Не Витькина вина, что точные топографические карты были документами повышенной секретности и не выдавались даже командирам фронтовых рот. Теперь, когда Виктор побывал в знакомых с детства местах, он с горечью понял, что многие "знакомые" места ему не знакомы. Там, где в школьные годы он бродил с ружьем по бескрайним лесным чащам, сейчас были хлебные поля, перемеживающиеся редким олешником по низинам, ручьям и оврагам. Белели на взгорках берёзовые рощицы на деревенских околицах. Настоящие леса, в районе возможного прорыва немецких танков от Пигулино на Бараново были островками среди полей, лугов и пастбищ.

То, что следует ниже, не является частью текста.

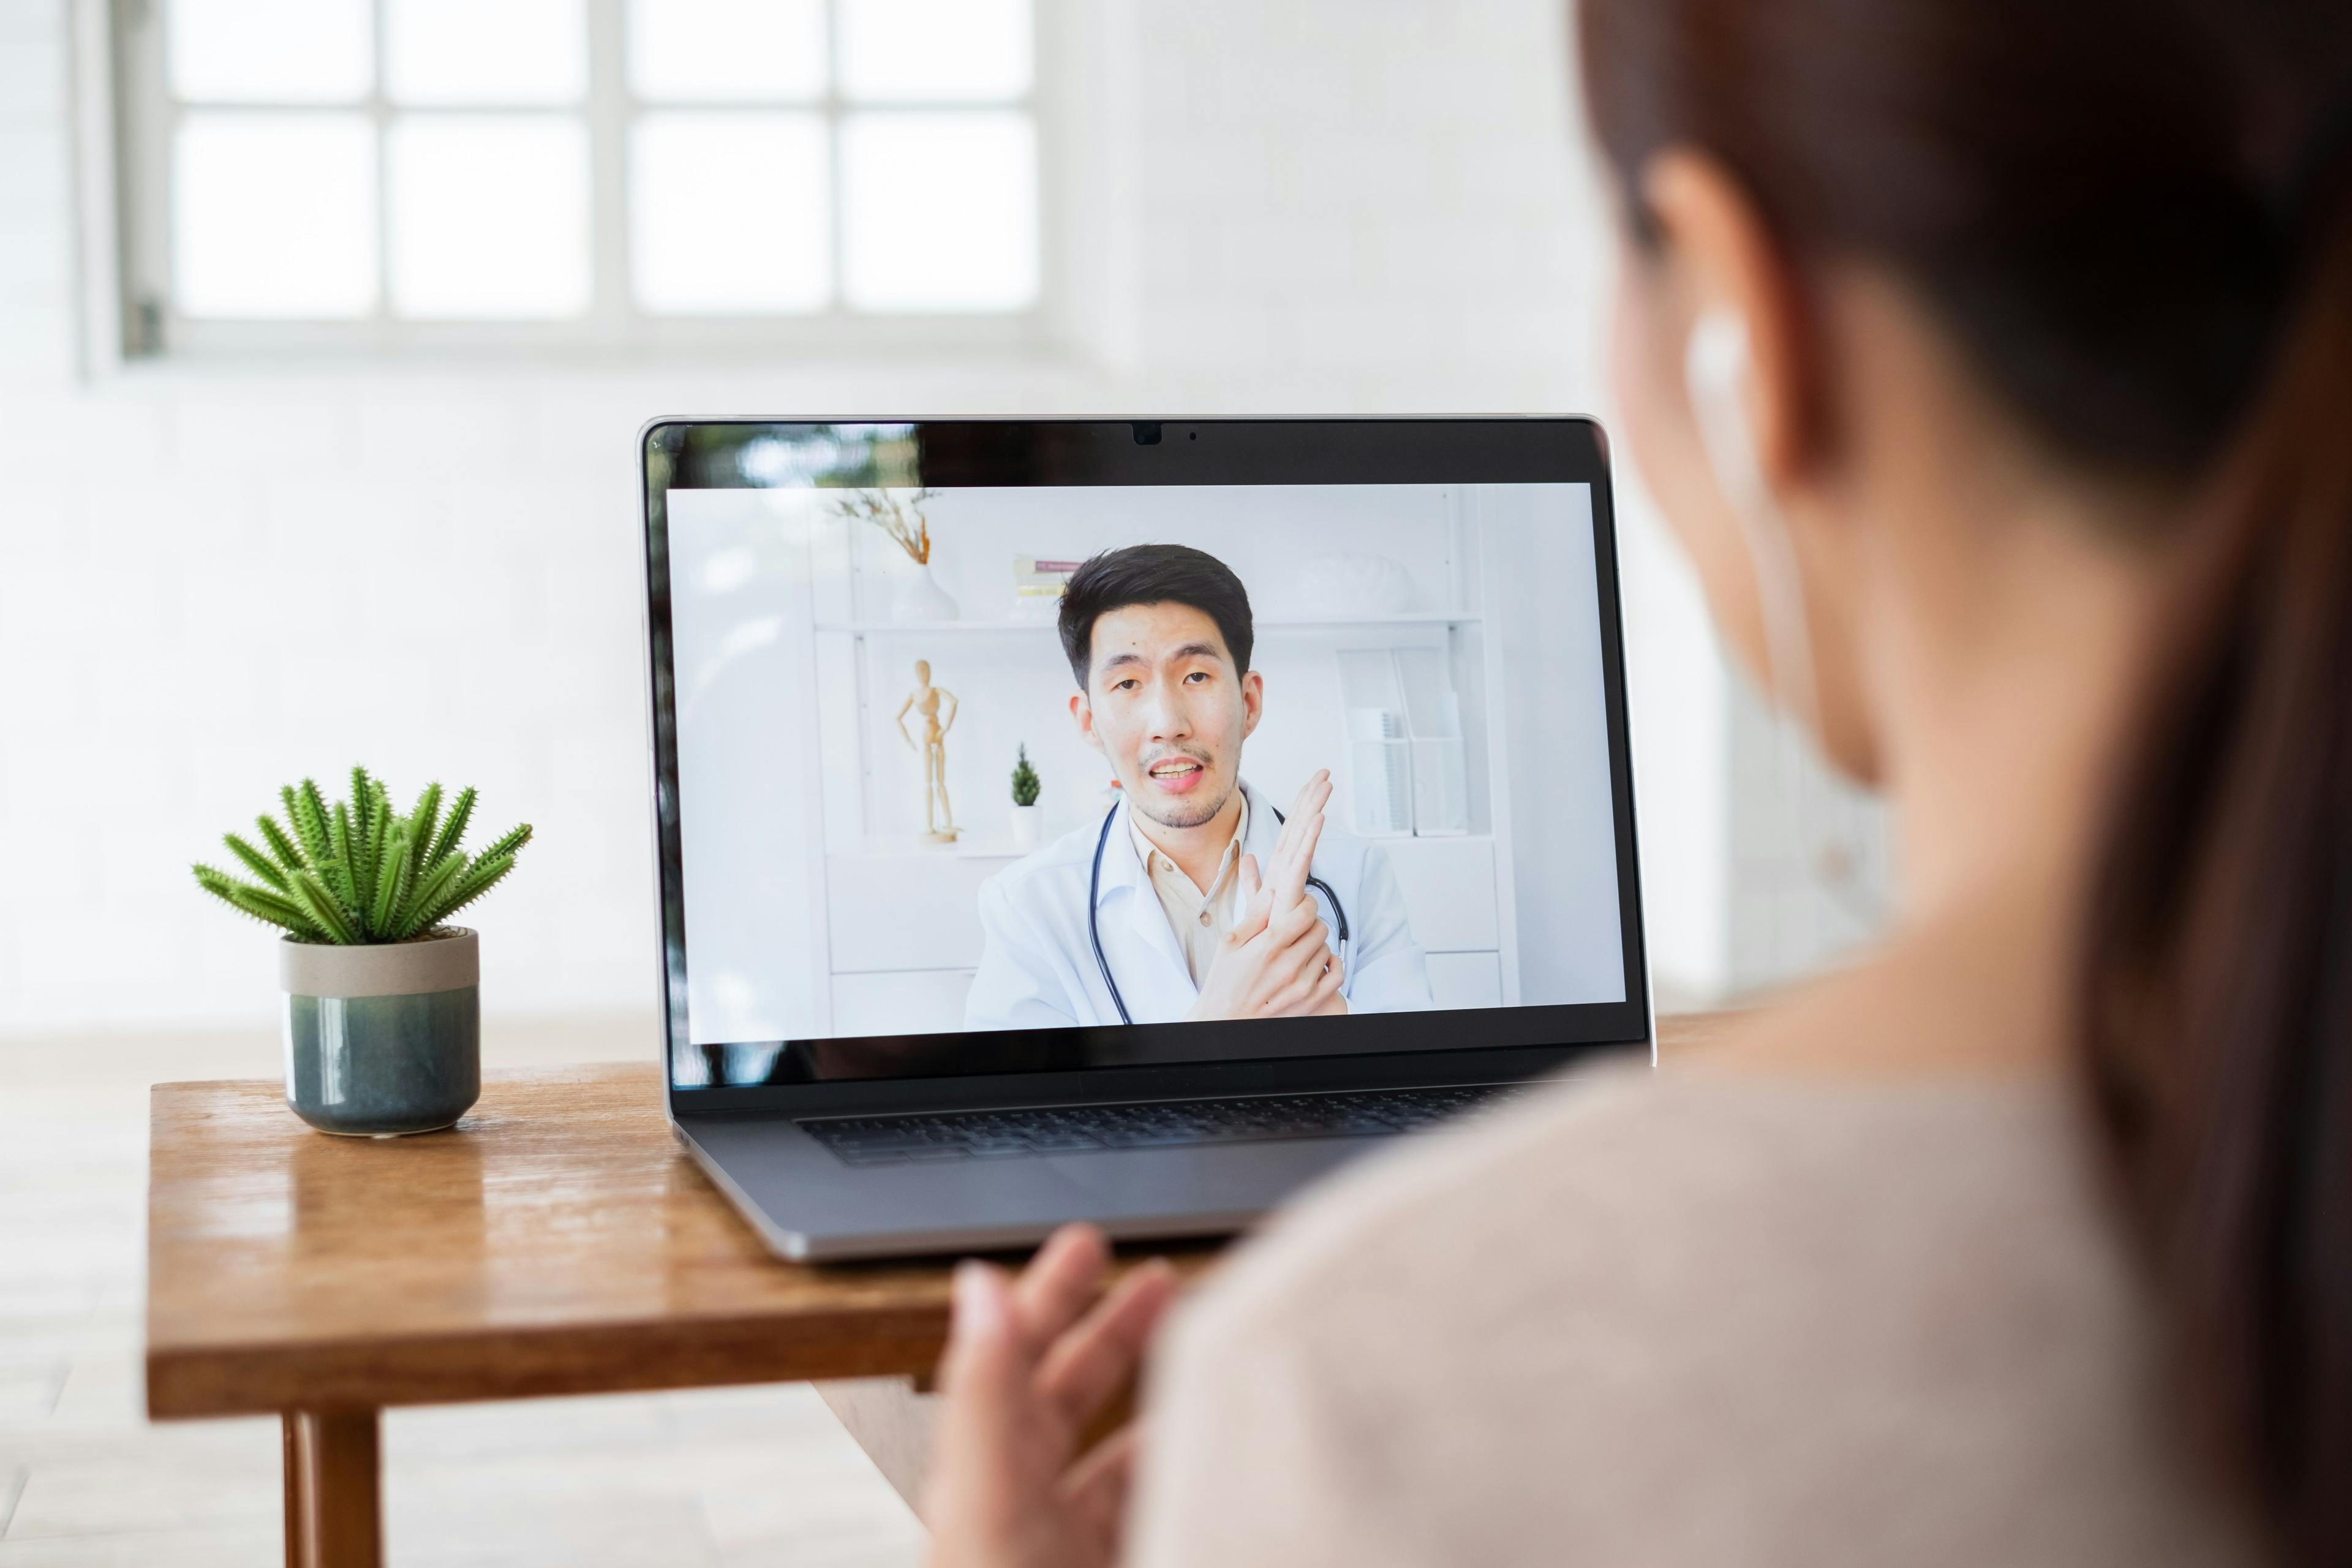 Telehealth providers aren’t more likely to prescribe ADHD drugs, study finds

Лишь между деревнями Чащевка, Ямново, Марюхи и Богродицкое шумел кронами деревьев пятнадцатикилометровый лесной массив, в который, как помнил Виктор из рассказов местных жителей, слышанных в детстве, по причине крайней безвыходности или по глупости командования были, в реальной истории, скучены сотни тысяч голодных военнослужащих, вынужденных оставить врагу сотни тонн боеприпасов и горючего. Вынужденных, согласно приказу, уйти из деревень убравших урожай хлебов и картофеля, имевших тысячами голов коров, овец и синей на колхозных фермах и крестьянских подворьях, оставив всё это фашистам.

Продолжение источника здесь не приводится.